Please, God, Save Gary Cohn from Himself – Vanity Fair
Gary Cohn, the former second in command at Goldman Sachs, should follow Stephen Bannon out the door and resign as Donald Trump’s chief economic adviser in the White House. Unlike Bannon, he should resign on principle. He should resign—not because of anything he has done wrong, in fact, quite the contrary—but because it is the right thing for him to do in the wake of Trump’s disgraceful reaction to the horrific events that played out last weekend in Charlottesville, Virginia. He should resign despite the fact the stock markets will probably react negatively to the departure of one of the only halfway-sane economic voices in this administration. He should resign for his own dignity and so that the reputation he worked so hard to build on Wall Street during the last 30 years doesn’t get further destroyed by the monster that is Donald Trump.

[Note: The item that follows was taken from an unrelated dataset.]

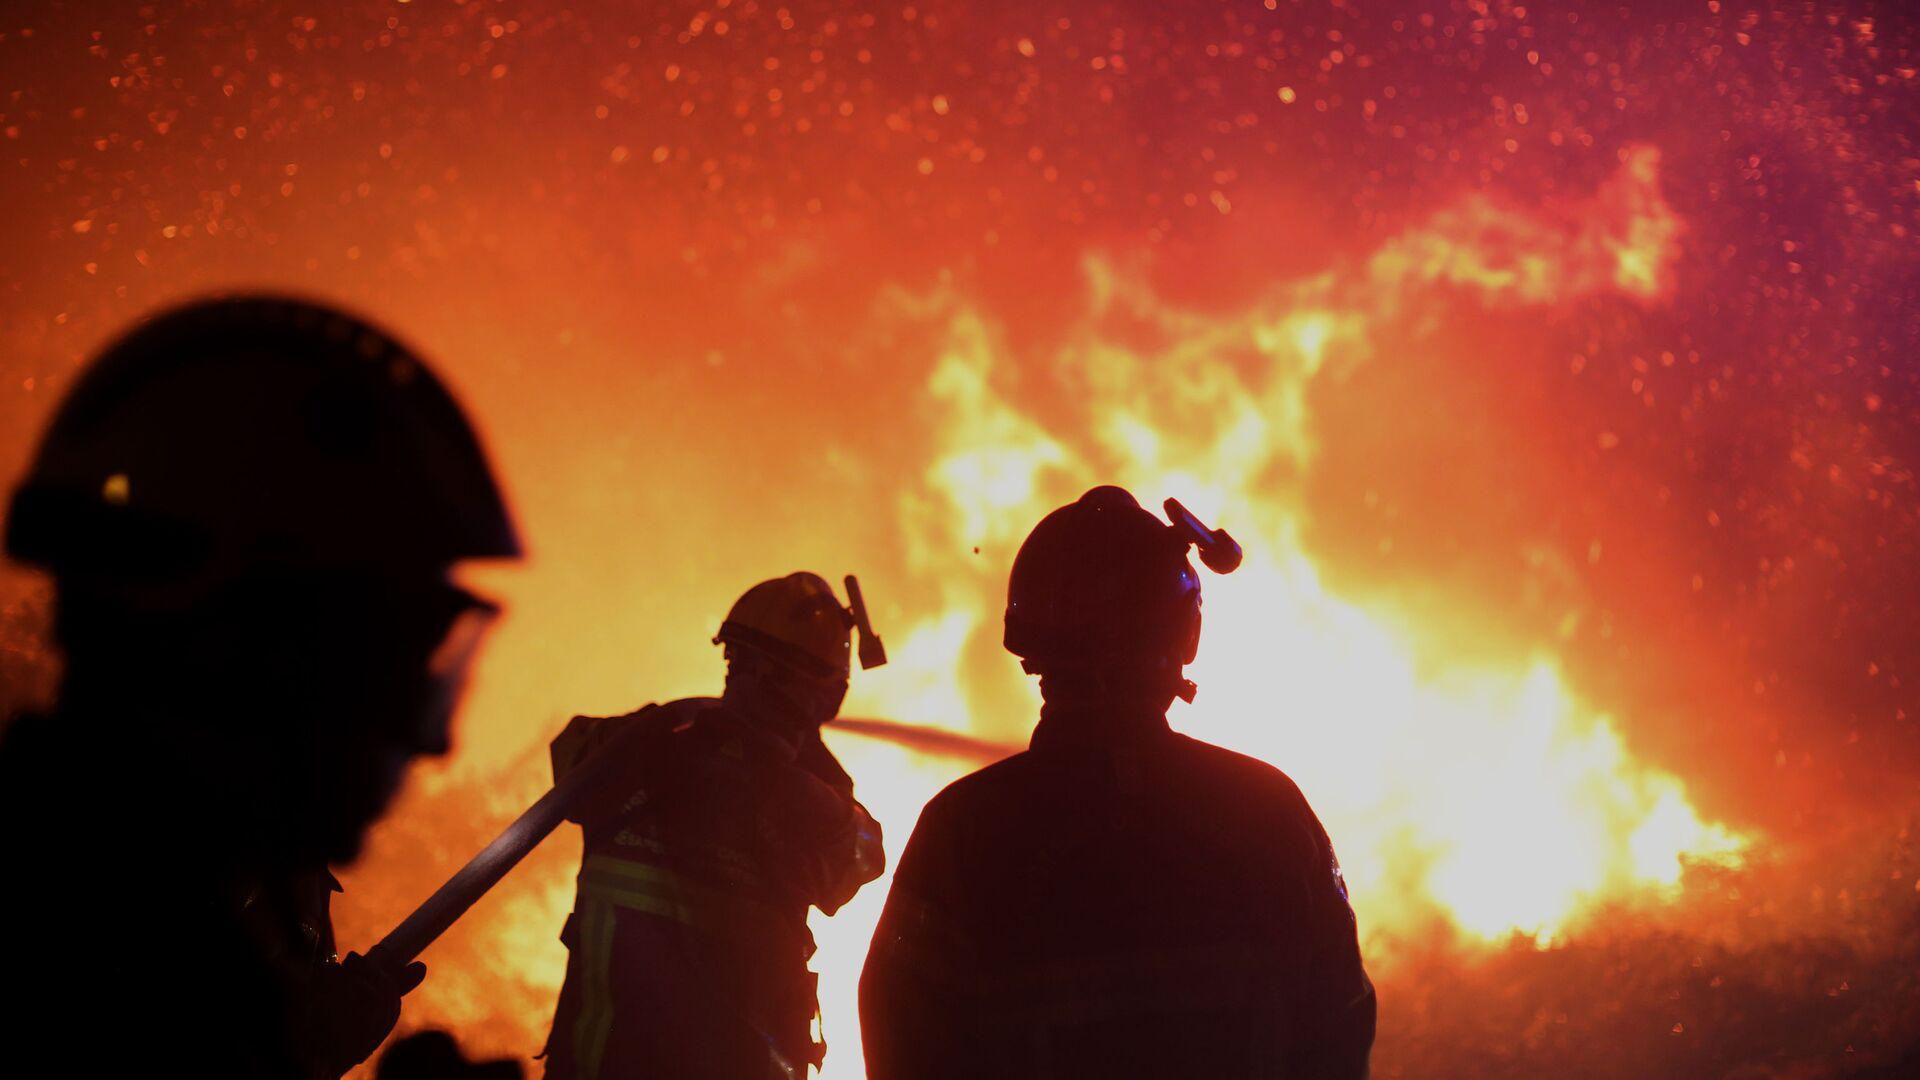 Vigili del fuoco francesi combattono contro un incendio - Sputnik Italia, 1920, 17.08.2021

Will he? That’s a question that plenty of people on Wall Street and in Washington have been debating this week. There has been some reporting since Trump’s pathetic question-and-answer session on Tuesday from the lobby of Trump Tower that Cohn is “deeply upset,” according to Maggie Haberman, at The New York Times, and “disgusted,” according to her colleague Glenn Thrush, about Trump’s defense of white nationalists, neo-Nazis, and their Tiki torch-carrying brethren. I am told Cohn “is dying” inside the Trump lunatic asylum, and that “this is a real inflection point for him.” It should be. During previous interviews with me, he has made it clear that it is increasingly difficult for him to stay in an administration that, among other things, has advocated keeping Muslims out of the country, rejected the Paris climate accord, and doesn’t seem to be able to accomplish the things he cares about. He has told me that he’s in it mainly for the chance to reform the tax code, which hasn’t been overhauled in 30 years.
But is he really sticking around Washington so that he can help people who are already rich pay less in taxes? Is he really sticking around for the increasingly slim chance that comprehensive tax reform might happen? Larry Summers, the Harvard economist and former Treasury secretary (who also once had Cohn’s job) said on Bloomberg TV yesterday that the chances of meaningful tax reform are likely dead. So what gives, Gary? Why put up with this shit anymore? Following Trump’s Tuesday afternoon diatribe, I texted Cohn, wondering how he and Steve Mnuchin, the Treasury secretary—both very wealthy, Jewish, former Goldman partners—could stand by Trump’s side during the impromptu press conference where he doubled-down on his failure to condemn the white nationalists that marched Charlottesville, Virginia, resulting in the killing of Heather Heyer. He did not reply. I still have not heard from him.
There is no reason for him to stick around anymore. There is no economic agenda that has much of a near-term chance of getting done. He has already successfully converted his $250 million fortune in Goldman stock into Treasury securities on a tax-deferred basis. No one can take away from his résumé the fact that he was the nation’s top political economic adviser, just as were his former Goldman colleagues Robert Rubin and Stephen Friedman. Summers has also strongly implied that he should resign, on principle. (He said if he were in Cohn’s shoes he would resign but added that he learned “long ago” not to “stand in other people’s shoes.”) So what’s holding Cohn back from doing what is so obviously the right thing for him to do? Why is he continuing to serve such an incompetent leader?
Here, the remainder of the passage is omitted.